Entwicklung salzresistenter Maishybriden
Ein Lösungsansatz zur Überwindung des globalen Problems der Bodenversalzung

Von Sarah Hatzig, Christian Zörb und Sven Schubert


Bodenversalzung stellt für die pflanzenbauliche Nutzung weltweit ein großes Problem dar. Vor allem in ariden Gebieten, in denen die Verdunstung gegenüber dem Niederschlag überwiegt, führt eine mangelnde Auswaschung von Salzen zur Beeinträchtigung der Bodenfruchtbarkeit und -nutzbarkeit. Mit konventionellen Züchtungsmethoden gelang es dem Institut für Pflanzenernährung salzresistente Maishybriden zu entwickeln, die auch auf versalztem Kulturland eine gute Ertragsbildung aufweisen. Grundlage hierfür war ein besseres physiologisches Verständnis der begrenzenden Wachstumsprozesse in den Pflanzen.

Geschichtliche Verläufe lassen vermuten, dass Bodenversalzung nicht nur eine durch jüngere Prozesse geprägte Erscheinung ist. Historische Aufzeichnungen weisen darauf hin, dass Bodenversalzung und der damit verbundene wirtschaftliche Niedergang zum Verfall einer ganzen Kultur geführt haben: Mesopotamien, einst geprägt von fruchtbaren Schwemmböden, erfuhr bereits 2400 v. Chr. schwere landwirtschaftliche Ertragseinbußen infolge einer durch den Anstieg des Grund- und Meerwasserspiegels verursachten Bodenversalzung. Die unzureichende Nahrungsproduktion führte zu sozialen Unruhen und damit zur Destabilisierung des politischen Systems.


Bodenversalzung - ein Problem arider Klimate

Beim Prozess der natürlichen Versalzung gelangen gelöste Salze mit dem Verdunstungssog an die Bodenoberfläche und reichern sich im fruchtbaren Oberboden an. Dadurch ist der Anbau vieler salzempfindlicher Kulturpflanzen beträchtlich erschwert. Neben den natürlichen Versalzungsprozessen können unzureichende Bewirtschaftungsmaßnahmen, insbesondere falsche Bewässerungsmethoden, zu einer so genannten sekundären Versalzung des Bodens führen.

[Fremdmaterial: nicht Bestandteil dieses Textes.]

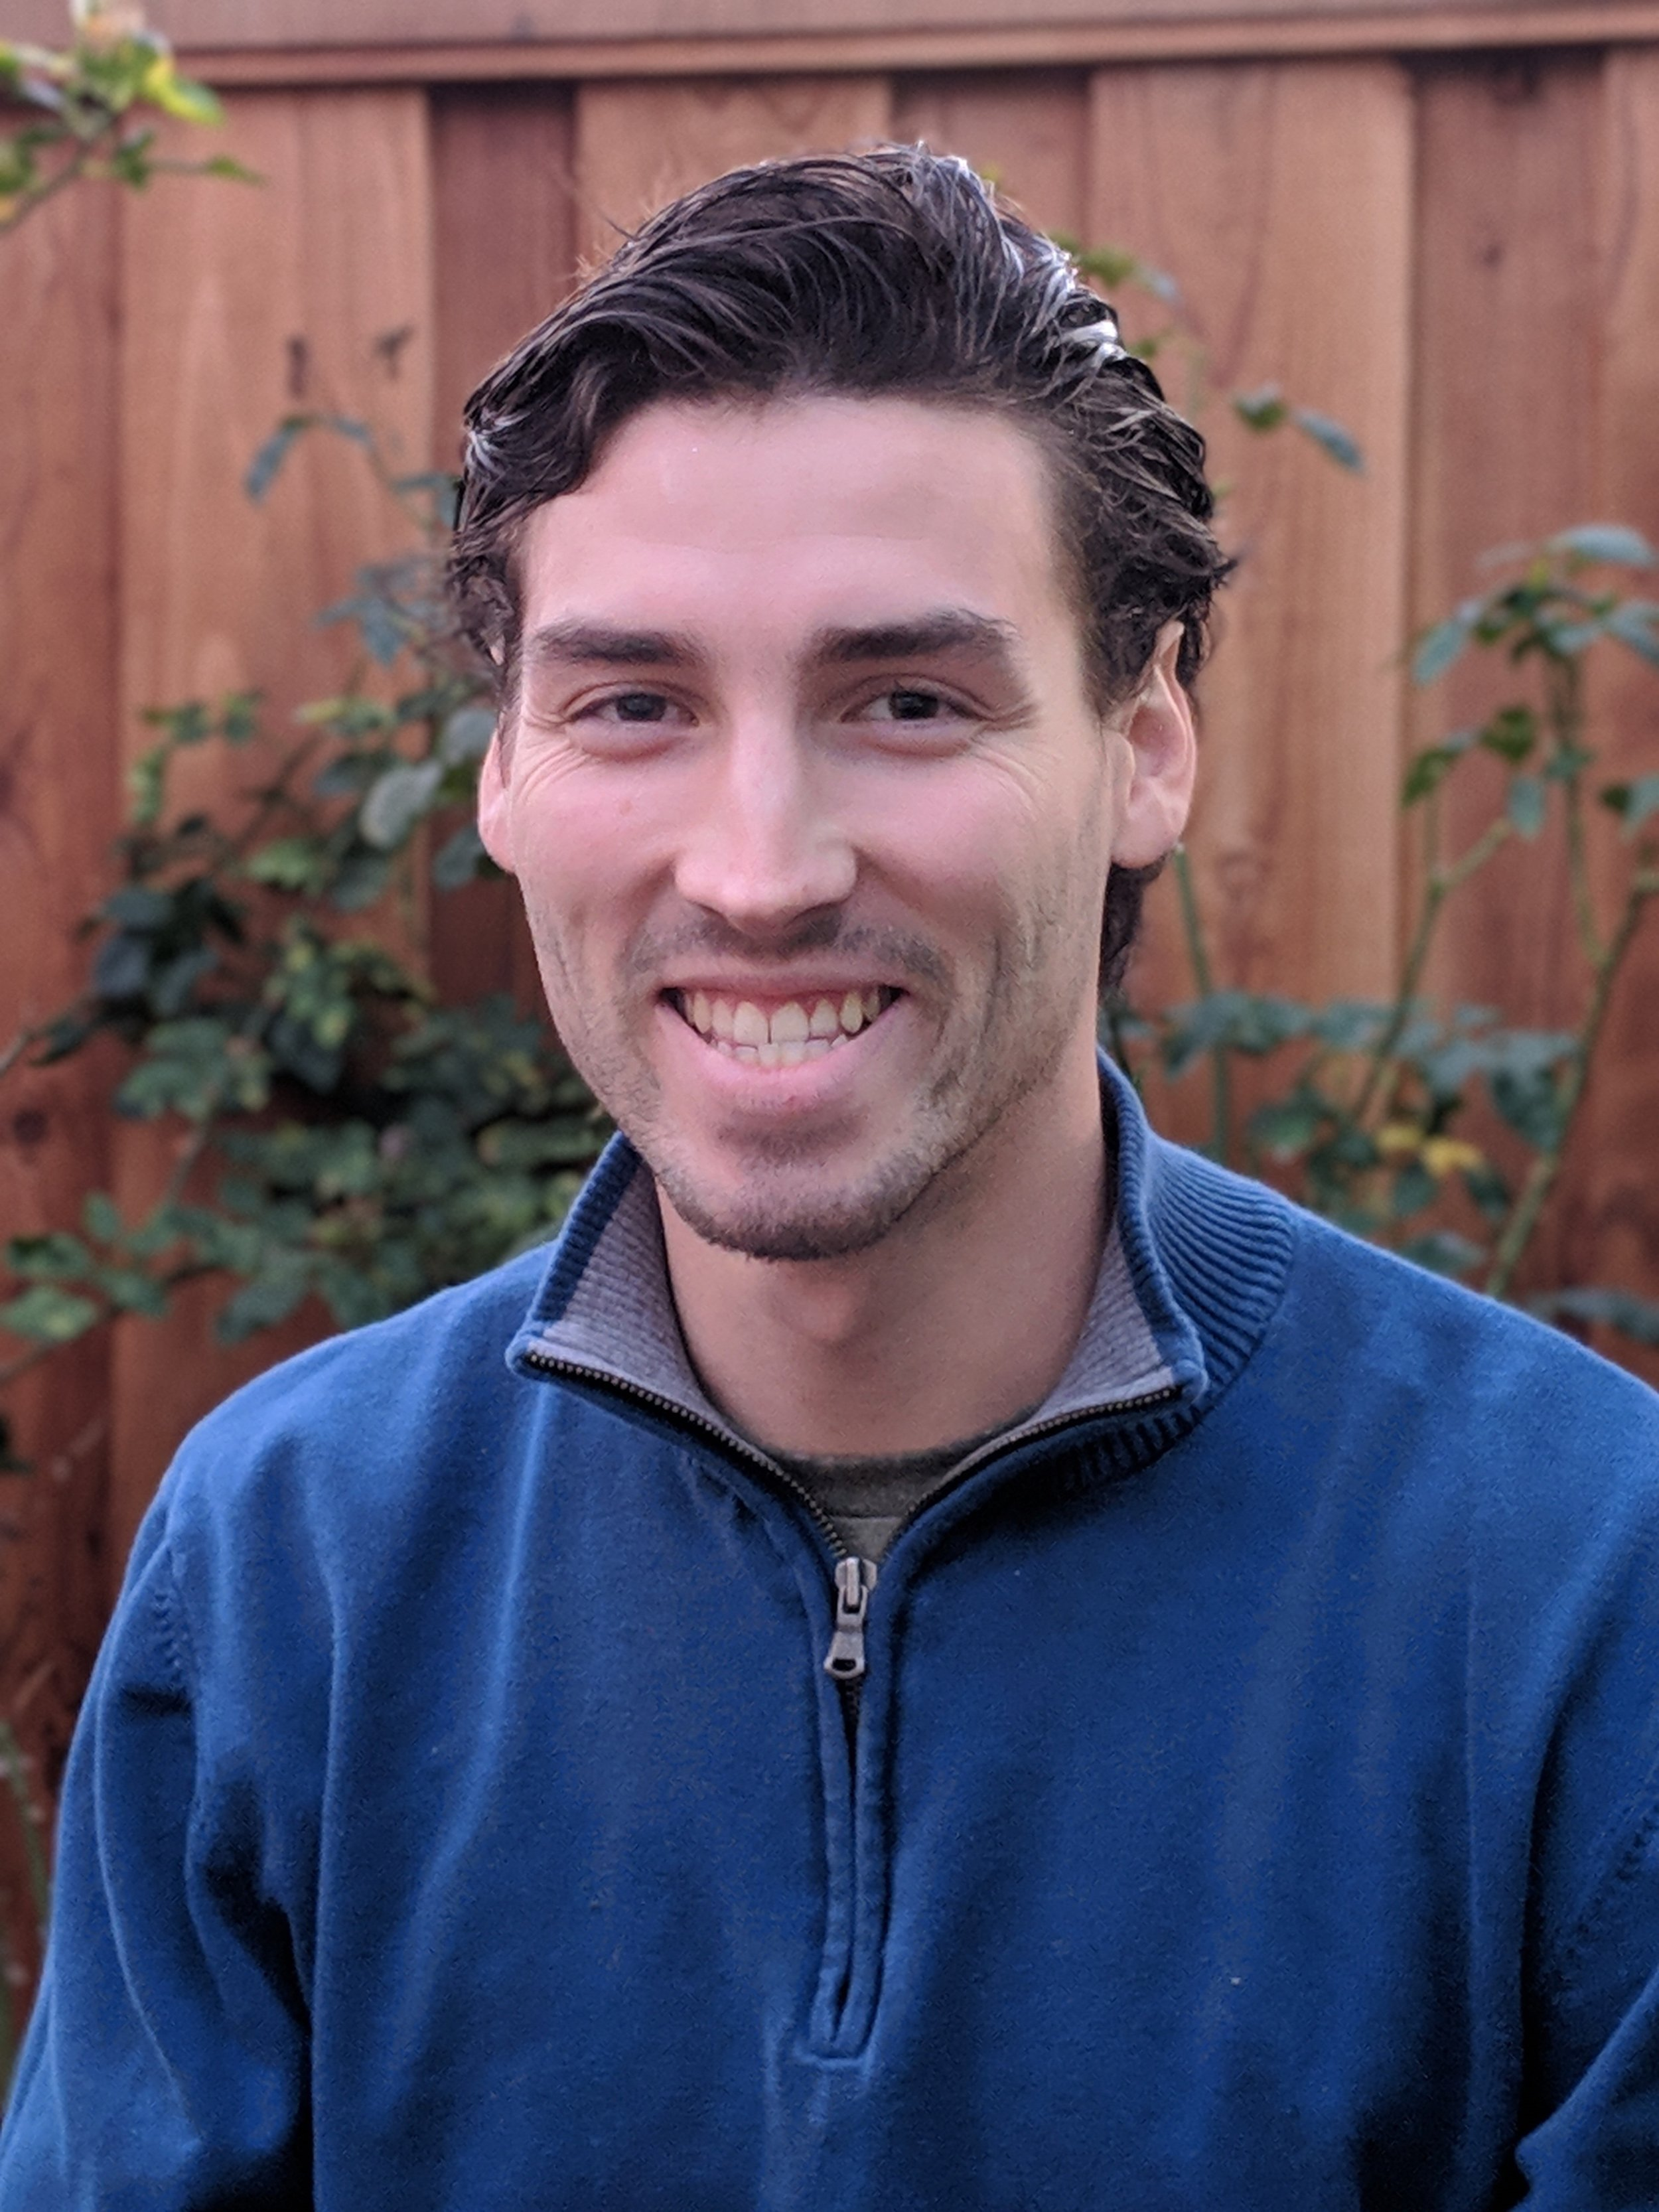 Stewart Portrait.jpg

Um die Ernährung einer steigenden Weltbevölkerung sichern zu können, müssen Voraussetzungen geschaffen werden, die den Pflanzenanbau auf betroffenen Flächen wieder möglich machen. Durch Meliorationsmaßnahmen, wie einer Auswaschung von Salzen, kann die ursprüngliche Bodenfruchtbarkeit wieder hergestellt werden. Solche wasserintensiven Maßnahmen sind jedoch in Klimaten, in denen ohnehin schon Wasserknappheit herrscht, schwer zu realisieren. An einer anderen Stelle setzt der Gedanke an, Pflanzen typen zu schaffen, die auch auf salinen Böden ein gutes Ertragspotential aufweisen.


Die Salzresistenz von Maispflanzen

Umfangreiche Forschungsarbeiten haben gezeigt, dass die Salzresistenz einer Pflanze das Ergebnis mehrerer zusammenwirkender physiologischer Mechanismen ist und daher polygen vererbt wird. Durch den Einsatz konventioneller und molekulargenetischer Methoden konnten bislang kaum Erfolge in der Züchtung salzresistenter Pflanzensorten erzielt werden. Unser Ansatz zielt daher darauf ab, die Salzresistenz einer Pflanze auf klassischem Züchtungsweg zu verbessern, indem Strategien definiert werden, die zwar auf dem Zusammenwirken mehrerer Mechanismen beruhen, jedoch im Gesamten durch nur einen oder wenige übergeordnete physiologische Parameter erfassbar sind. Auf den Erkenntnissen australischer Forscher aufbauend, welche die Wirkung von Salzstress auf Getreidepflanzen in zwei Phasen aufgliederten [2], konnte auch für Mais ein solches ZweiPhasenmodell bestätigt werden [1] und als Grundlage für die Züchtung salzresistenter Maisgenotypen verwendet werden.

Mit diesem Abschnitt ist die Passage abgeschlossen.